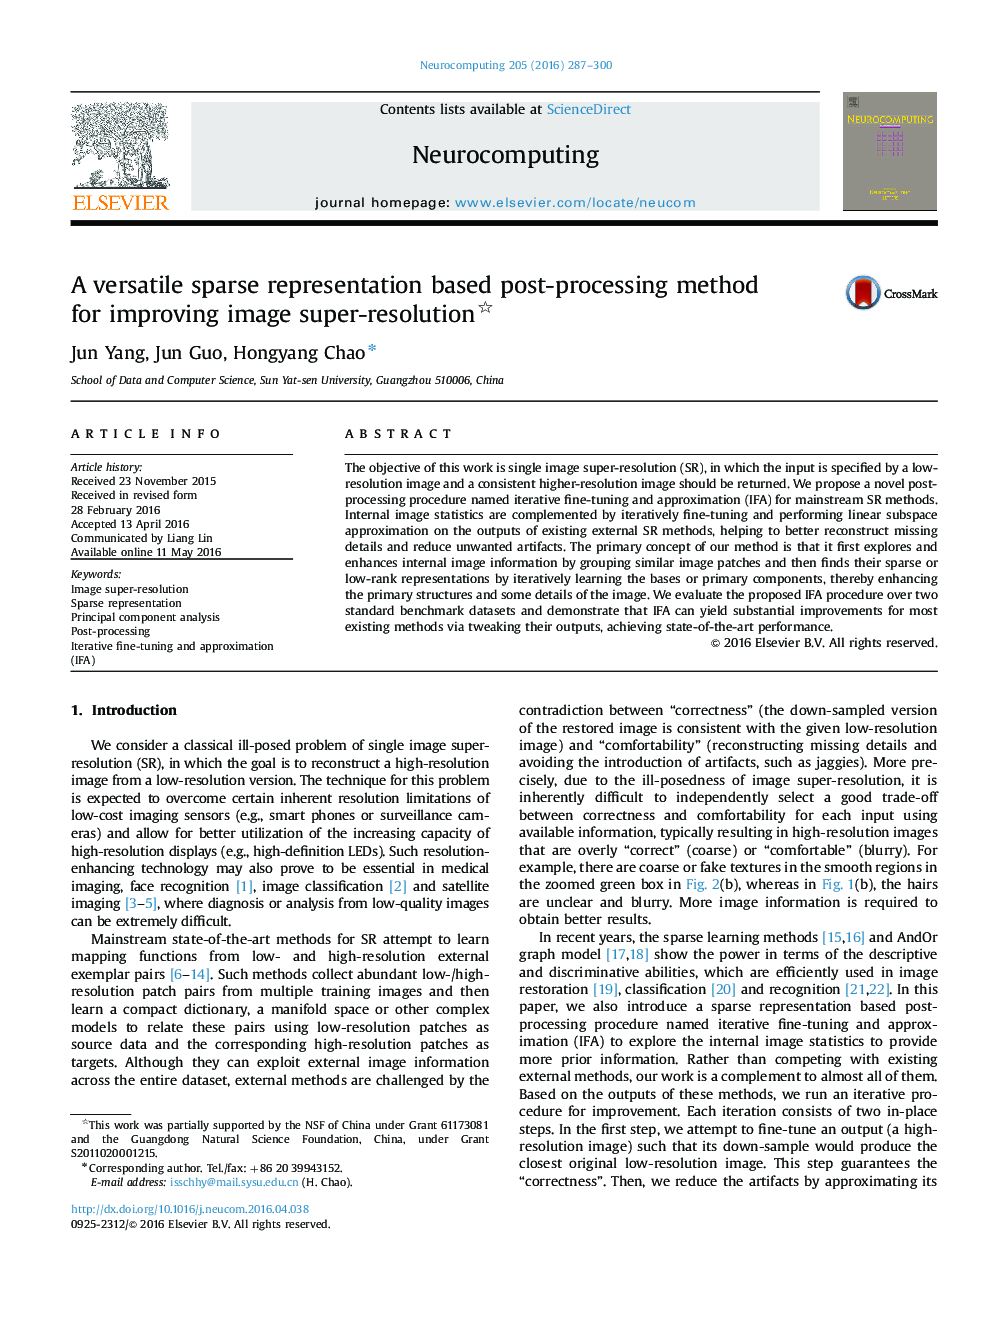 A versatile sparse representation based post-processing method for
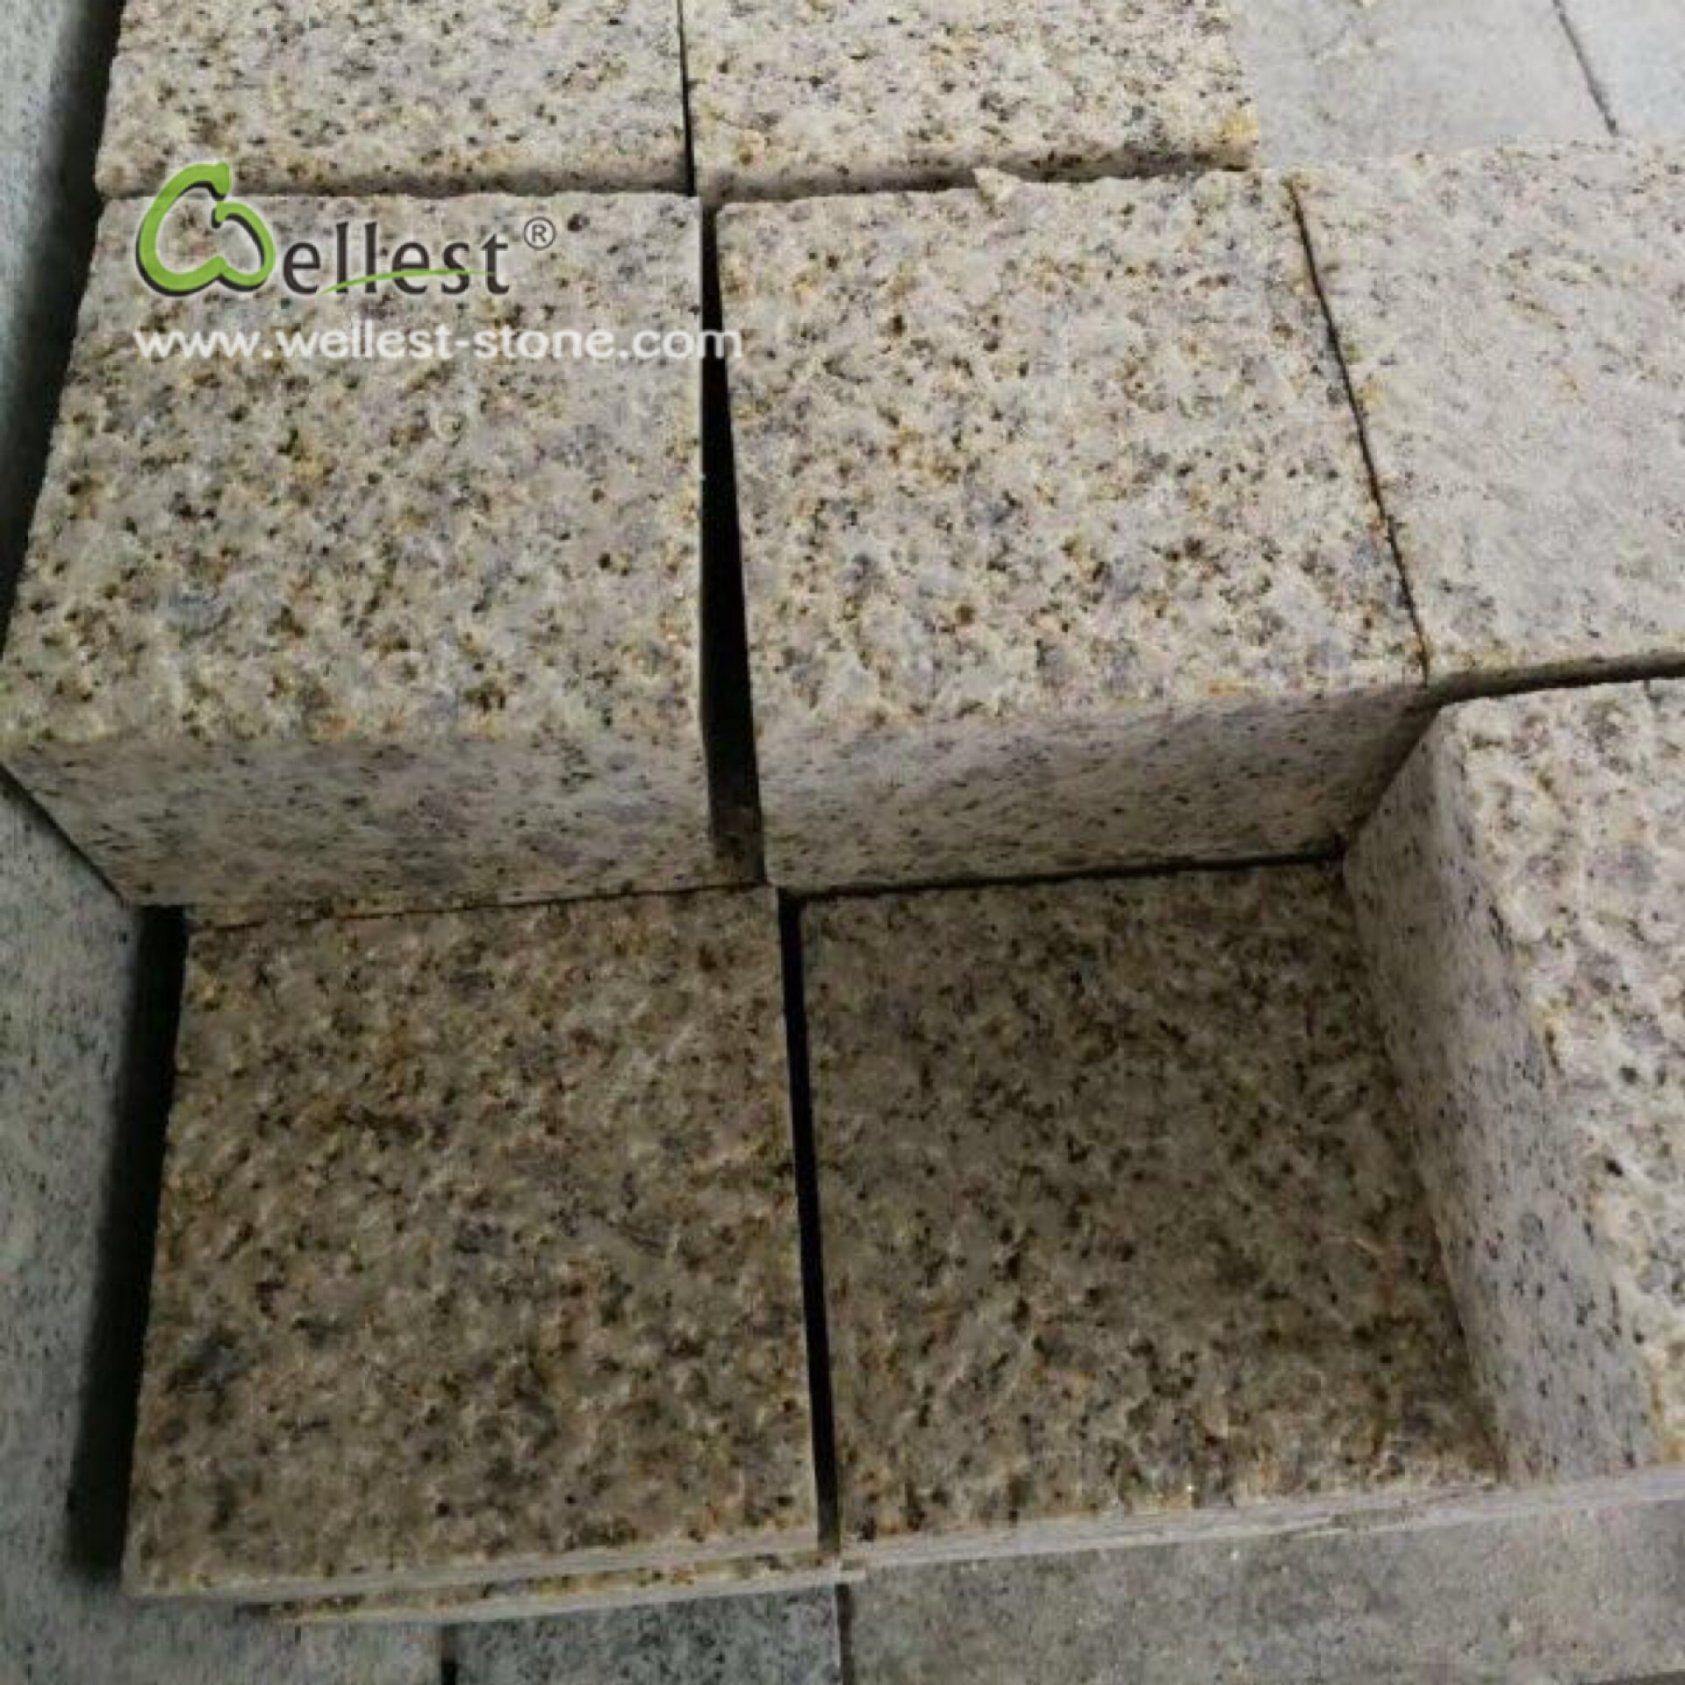 China Rustic Yellow Cobblestone Paving Granite Stone 10X10X5cm Bush Hammered
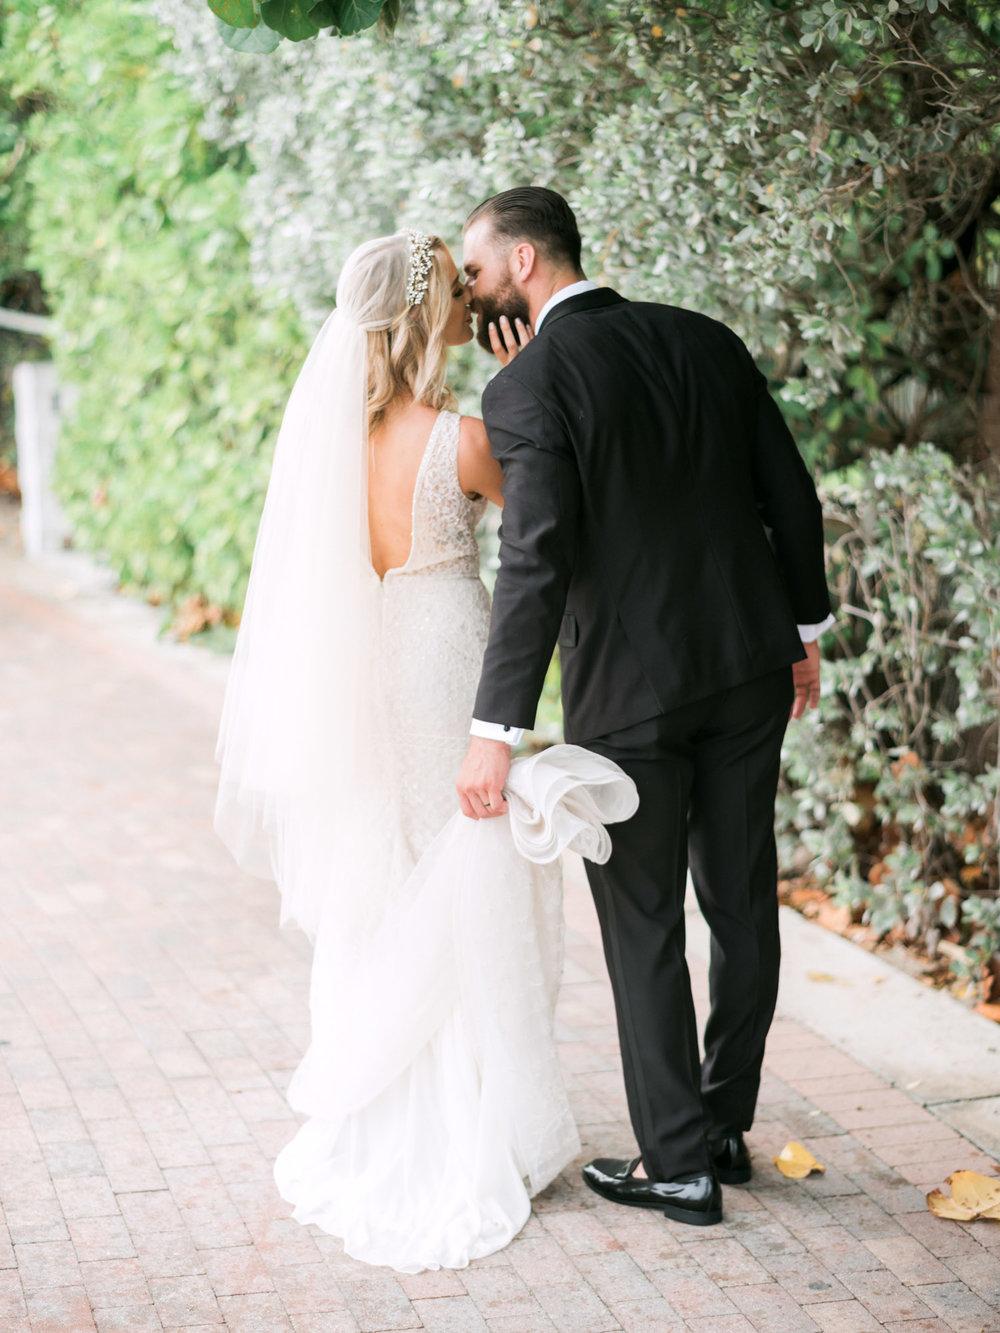 raleigh-miami-beach-destination-film-wedding-1181.jpg

..............................

_Work request_.
Output the data above in full. Skip every picture.

_Expected answer_.
 A versatile sparse representation based post-processing method for
 China Rustic Yellow Cobblestone Paving Granite Stone 10X10X5cm Bush Hammered
 raleigh-miami-beach-destination-film-wedding-1181.jpg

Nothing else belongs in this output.